Climbing Out of Academic Trouble
When Charlie Kelly, then 15, called a meeting at his high school, he figured maybe 20 people would show up to hear his idea for a new community outreach program designed to help underprivileged middle schoolers through rock climbing.
When Charlie Kelly, then 15, called a meeting at his high school, he figured maybe 20 people would show up to hear his idea for a new community outreach program designed to help underprivileged middle schoolers through rock climbing.
Nearly 300 students appeared, many clamoring to look good on paper for their college applications. Some came just to heckle, asking, as he tried to outline his plan, if he’d filed for 501(c)3 status. Would the program be tax exempt?
A month later Such Great Heights introduced its first eight middle schoolers, drawn from the area around New Haven, Connecticut, to rock climbing. Since then it has done the same for nearly 50 youth.
“They’re all struggling with the same things,” Kelly, now 17, said of the participants. “What we do is surround them with motivated, enthusiastic mentors who really do care about them. That lives with them for a long time.”

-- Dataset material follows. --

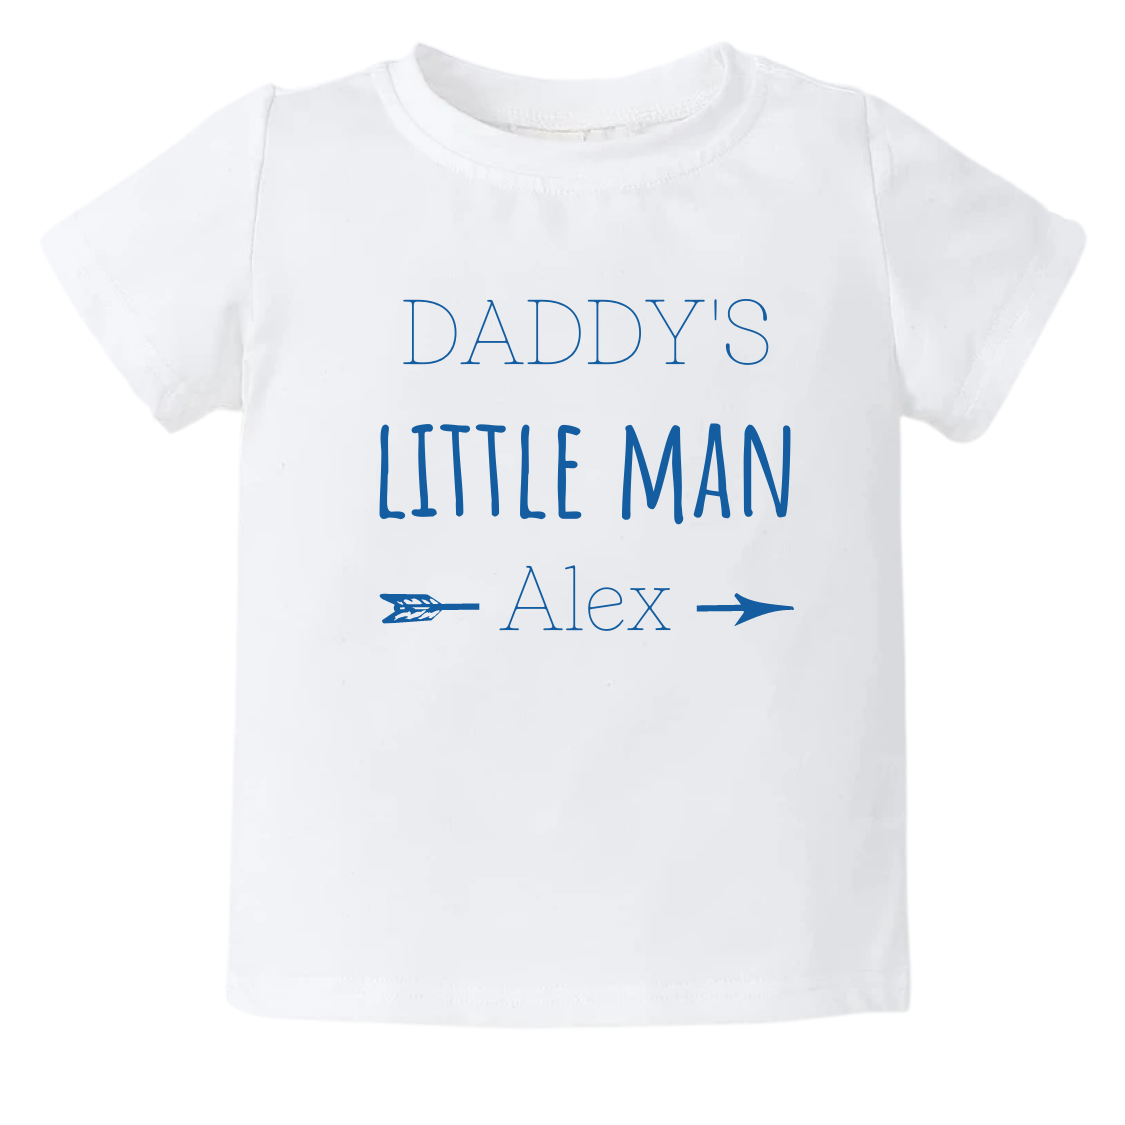 Kid's t-shirt with customizable name option and the text 'Daddy's Little Man'.

In the past Kelly competed on the youth circuit, placing 11th at Continentals, but one day he realized he didn’t like the competition scene. Kelly said Such Great Heights was a natural progression that brought together his passion for service and climbing.
The program developed quickly. For an eight-week period at each middle school, a group of academically troubled kids gets together with graduate students to discuss their problems, in school or at home. The culminating experience for each group is a trip to the Connecticut Rock Gym.
For some, it is a watershed experience. A boy at an alternative school for poorly performing students wrote such a compelling essay about his climbing experience that he gained acceptance to a central magnet school.
This fall the program is to be used as a model and implemented at a few surrounding high schools. Kelly also plans to take it wherever he attends college a year from now.
Still, first things first. Deciding he had better answer the doubters at that first meeting, Kelly filled out the paperwork to designate Such Great Heights a tax exempt 501(c)3,and signed, sealed and delivered it.